Help with Greedy and Reluctant SCPJ 310 055

Hi friends I have some misgivings with greedy and reluctant
in regex expersions . I ran this piece of code

import java.util.regex.*;
public class Music{
String s = " rap rapture wrap" ;
public static void main(String argv[]){
new Music();
}
Music(){
String regex = "r\\wp?";
Pattern pattern = Pattern.compile(regex);
Matcher matcher =pattern.matcher(s);
while(matcher.find()){
System.out.print(matcher.group());
}
}
}

and the output was rapraprerap with the greedy ? that means 0 o 1 character is reading from
left to right but the book say that greedy read all the string and begin from the end to the
begining.After that I modified the code with the reluctant operator as below


import java.util.regex.*;
public class Music{
String s = " rap rapture wrap" ;
public static void main(String argv[]){
new Music();
}
Music(){
String regex = "r\\wp??";
Pattern pattern = Pattern.compile(regex);
Matcher matcher =pattern.matcher(s);
while(matcher.find()){
System.out.print(matcher.group());
}
}
}

and the output was rararera . I am confused somebody can help me.

I am confused somebody can help me.

Quite frankly, I am not sure what you are asking here, as you don't seem to say what you are confused about... However...

There are two behaviors you need to keep track of.
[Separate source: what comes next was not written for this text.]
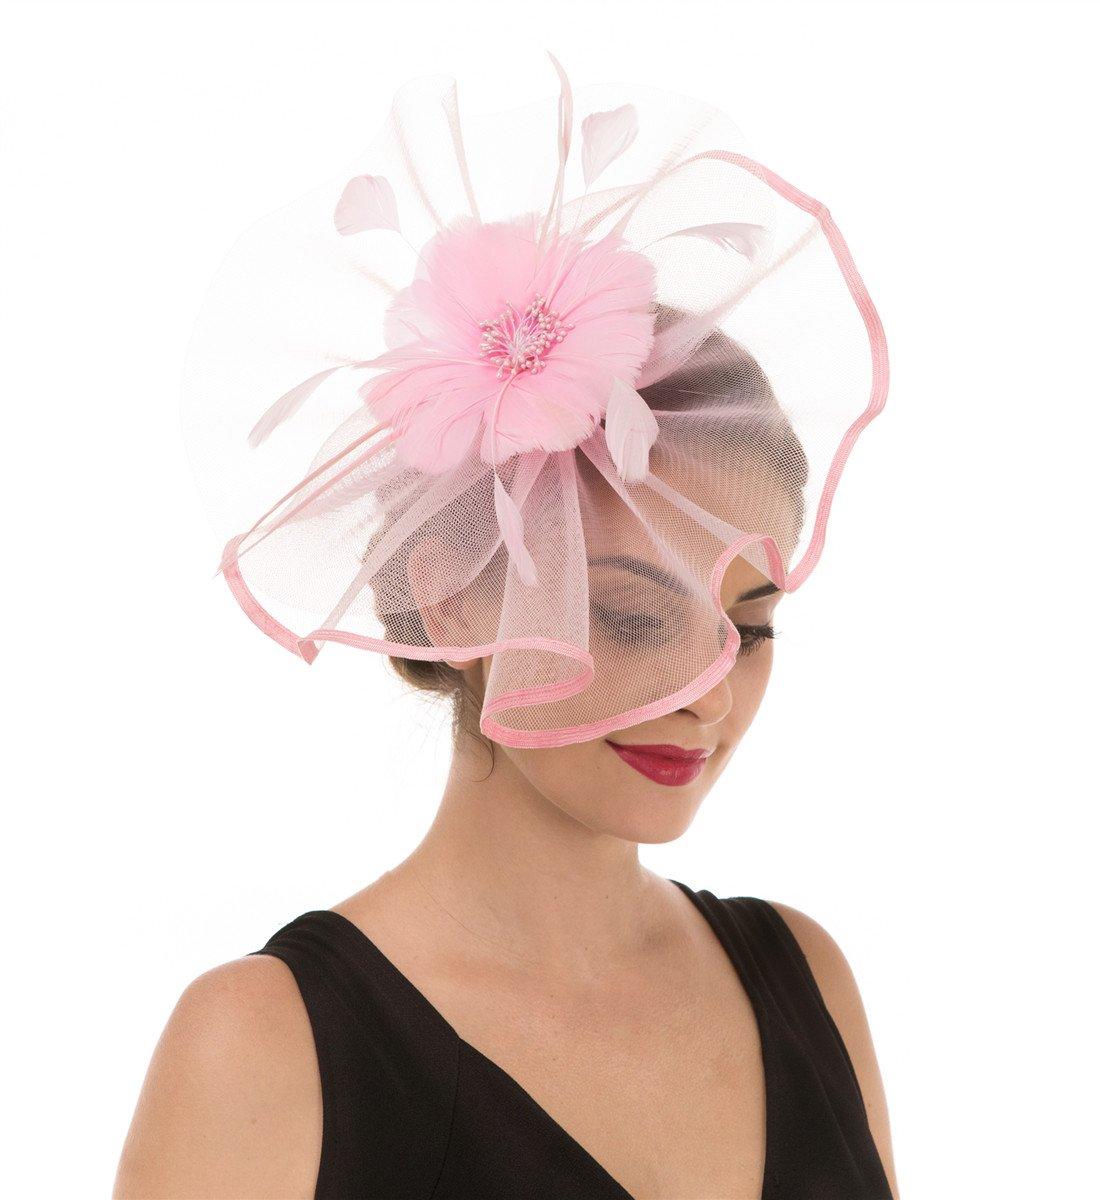 944b3470048 SAFERIN Pink Fascinator Hat Feather Mesh Net Veil Wedding Party Hat Flower Kentucky  Derby Hat Clip Hairband Women (TA1-Pink) - unknown   Hats   Caps ...

First, yes, in a greedy match, the regex will try to match as much as possible. And as the matches fail, it will back off until the match succeeds.

Second, and this is not related to greedy or reluctant, is how the find() method behaves. The find() method will try to match starting from the end of the last match, going forward, until it succeeds. And this is the behavior regardless of whether the regex is greedy or reluctant.

Henry